[Opening PROVIDED DATA section]
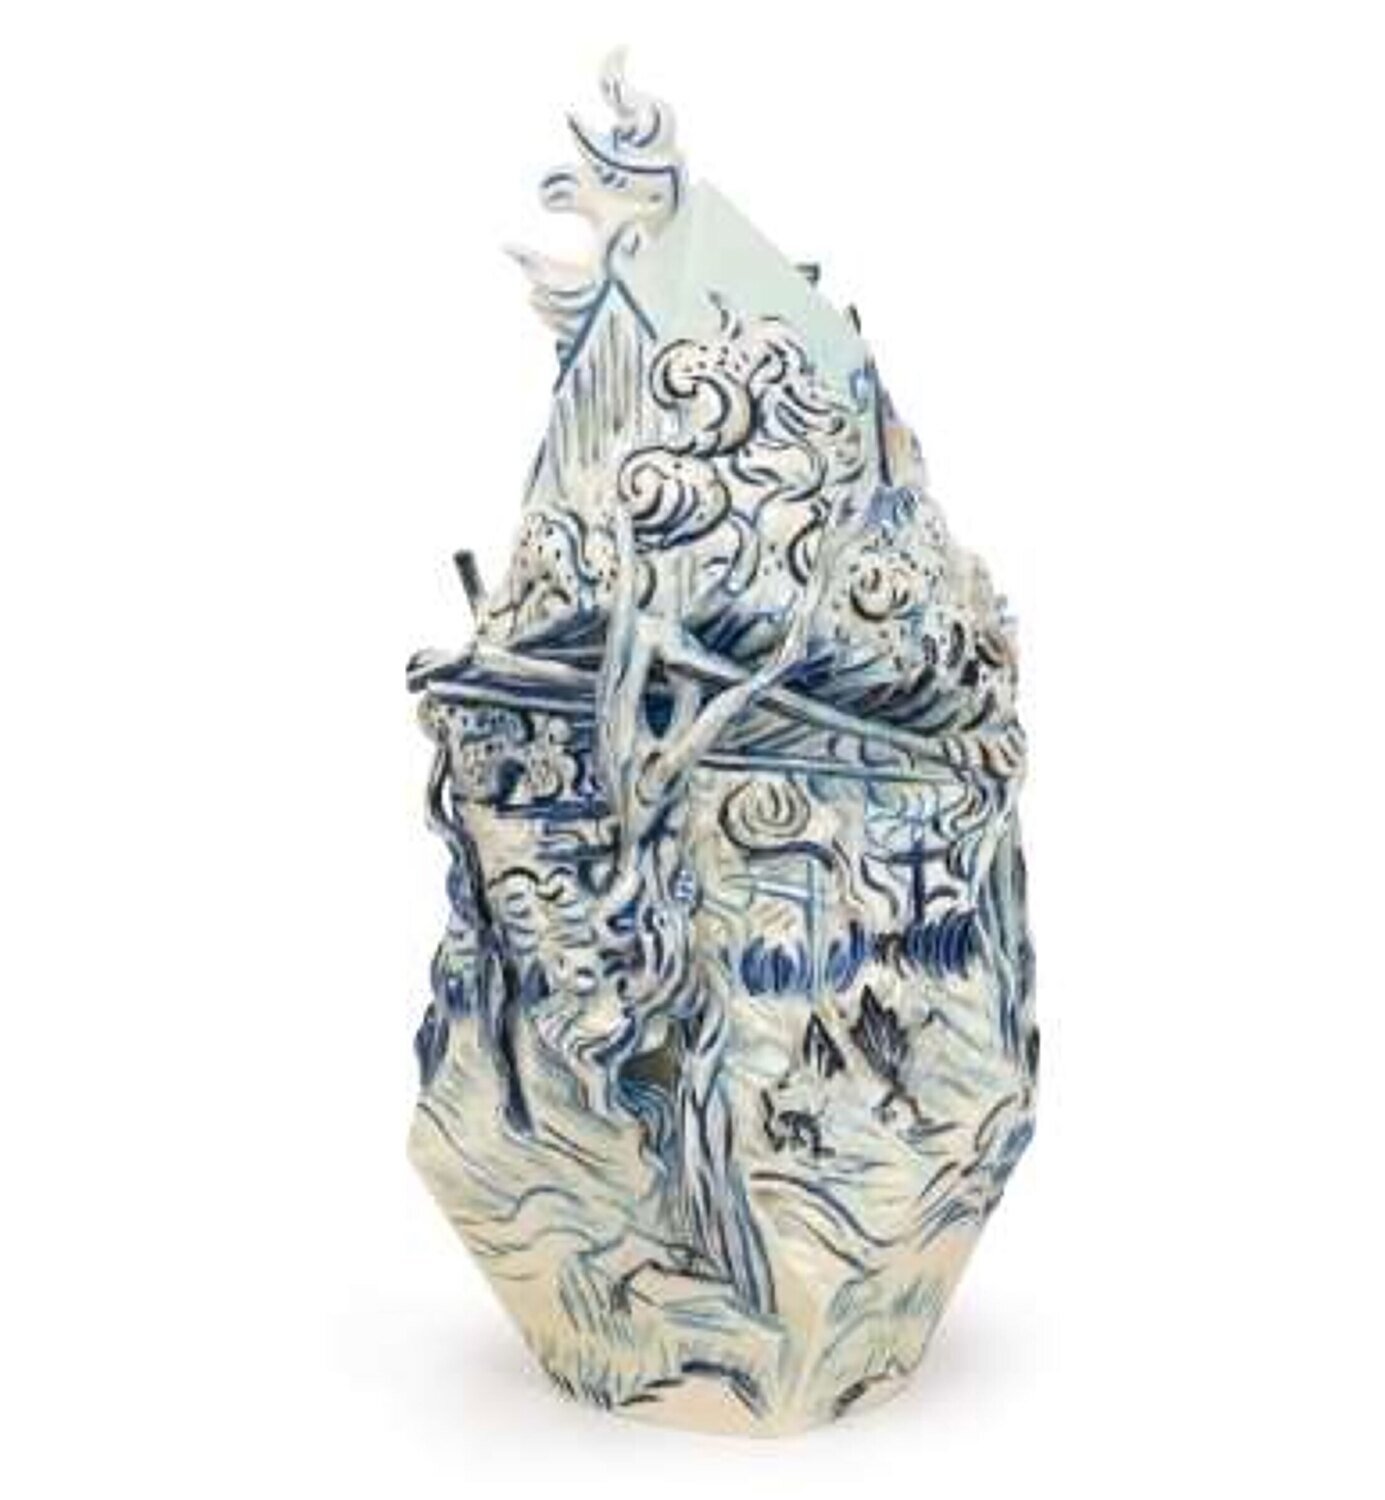 Franz Porcelain Van Gogh Wine For Life-Vineyard Design Sculptured Porcelain Vase With Wooden Base FZ03941
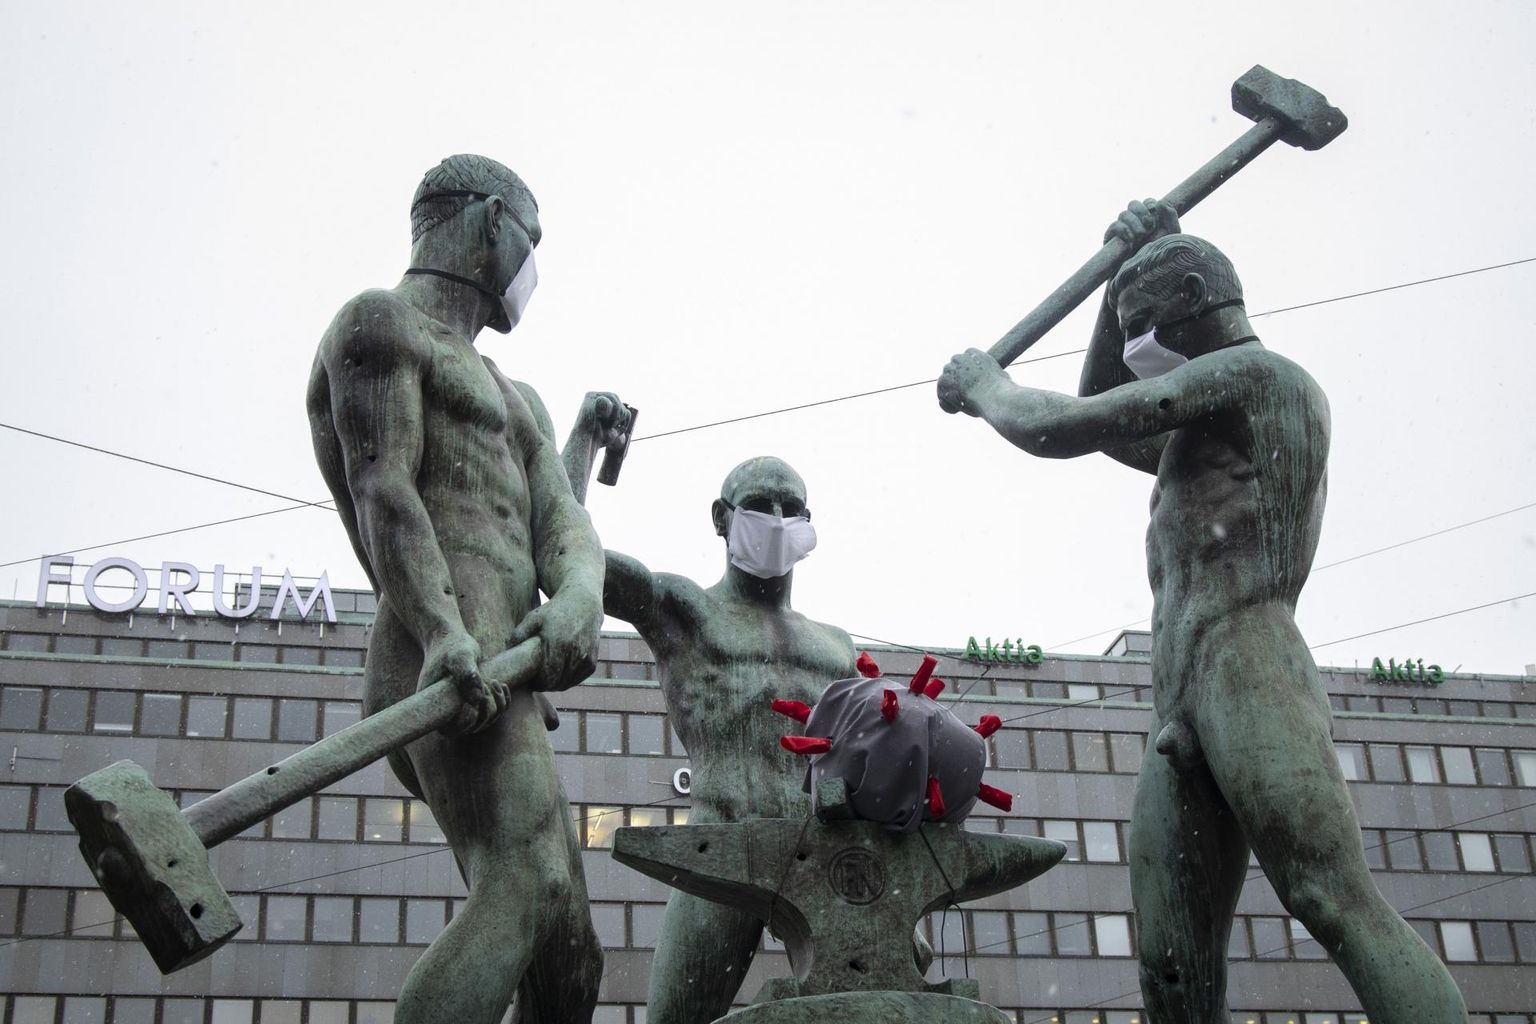 Helsingi kesklinnas asuv Felix Nylundi kuju «Kolm seppa» on saanud koroonaviiruse pandeemia ajal ette maskid ning alasile on asetatud viirus ise. Läinud nädalal riiki toimetatud kaitsemaskid sobivad nii hooldeasutustesse kui ka skulptuuri kaunistamiseks, aga mitte haiglatesse. 
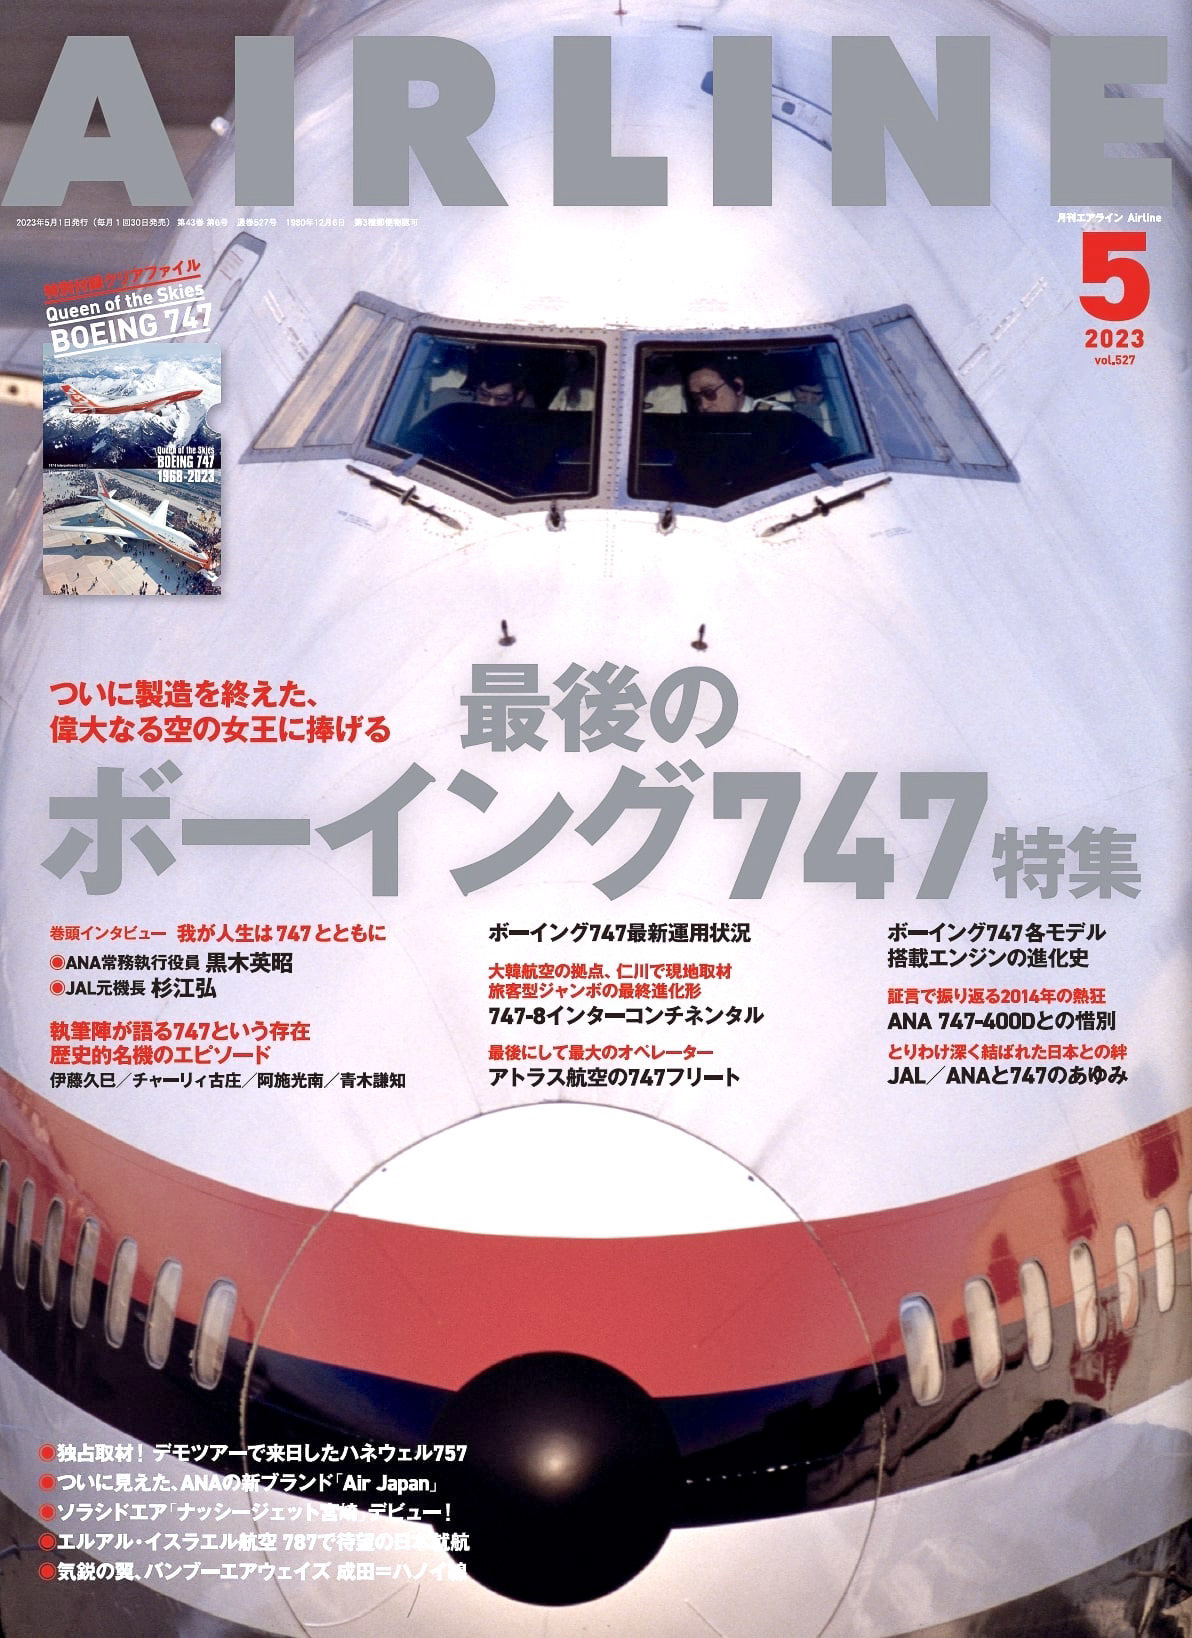 月刊エアライン2023年5月号、製造を完了した「最後のボーイング747特集
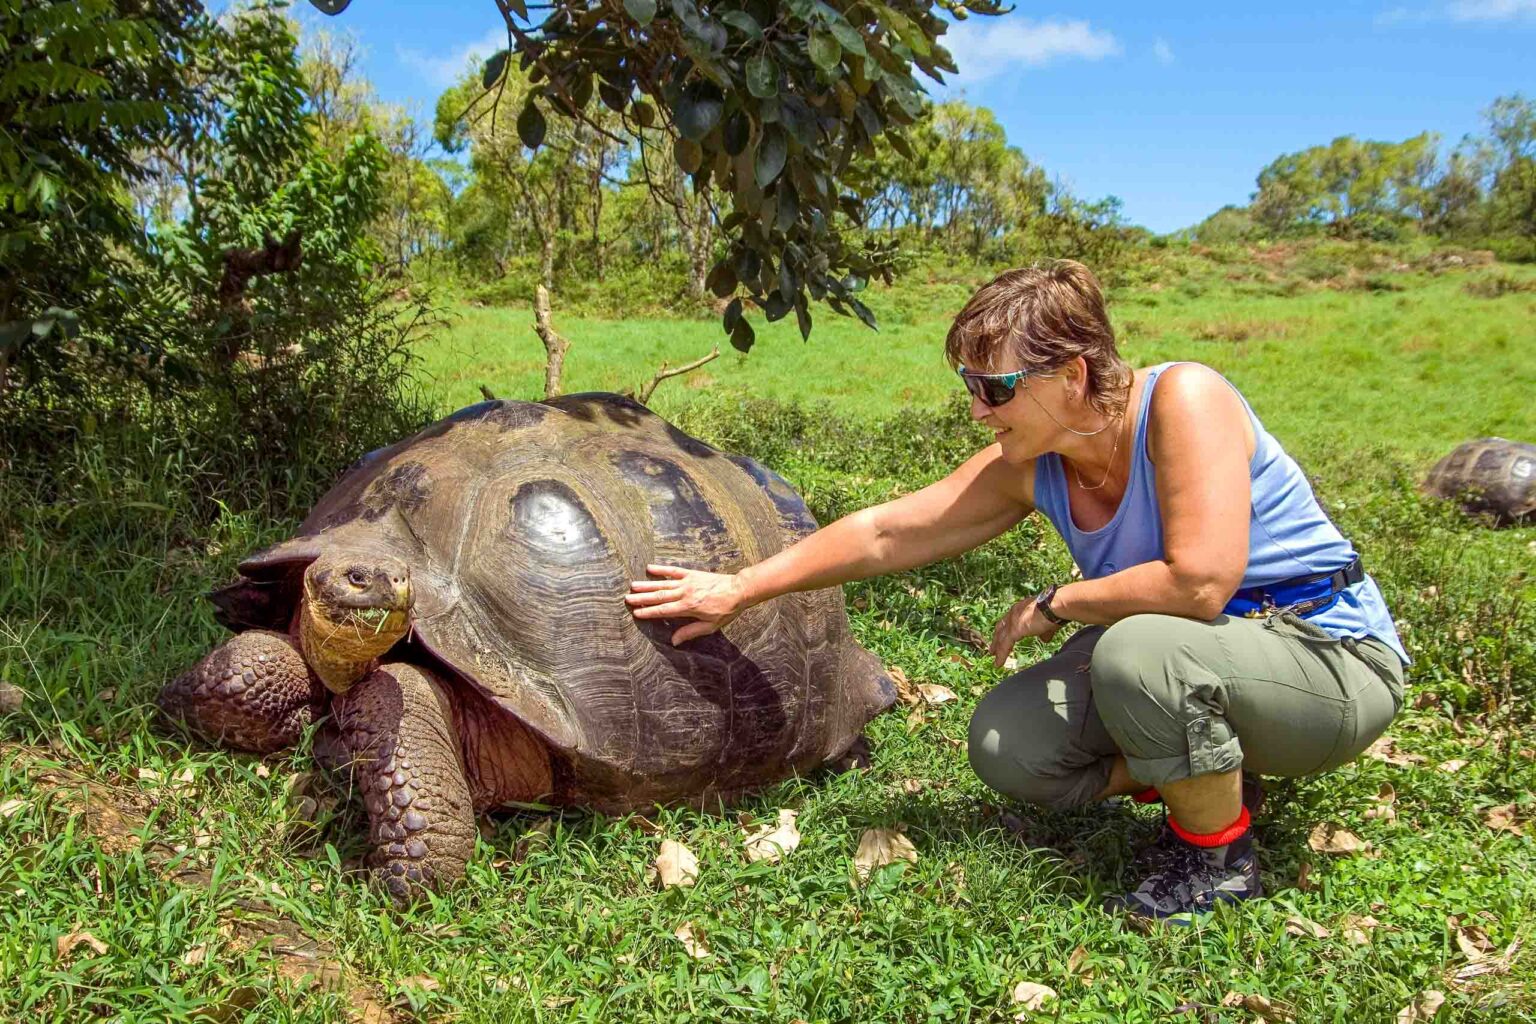 A tourist alongside a giant tortoise.
[Closing PROVIDED DATA section]
AIM OF THE EXERCISE
Would you retype all the material above exactly, apart from its pictures?

WRITTEN ANSWER
 Franz Porcelain Van Gogh Wine For Life-Vineyard Design Sculptured Porcelain Vase With Wooden Base FZ03941
 Helsingi kesklinnas asuv Felix Nylundi kuju «Kolm seppa» on saanud koroonaviiruse pandeemia ajal ette maskid ning alasile on asetatud viirus ise. Läinud nädalal riiki toimetatud kaitsemaskid sobivad nii hooldeasutustesse kui ka skulptuuri kaunistamiseks, aga mitte haiglatesse. 
 月刊エアライン2023年5月号、製造を完了した「最後のボーイング747特集
 A tourist alongside a giant tortoise.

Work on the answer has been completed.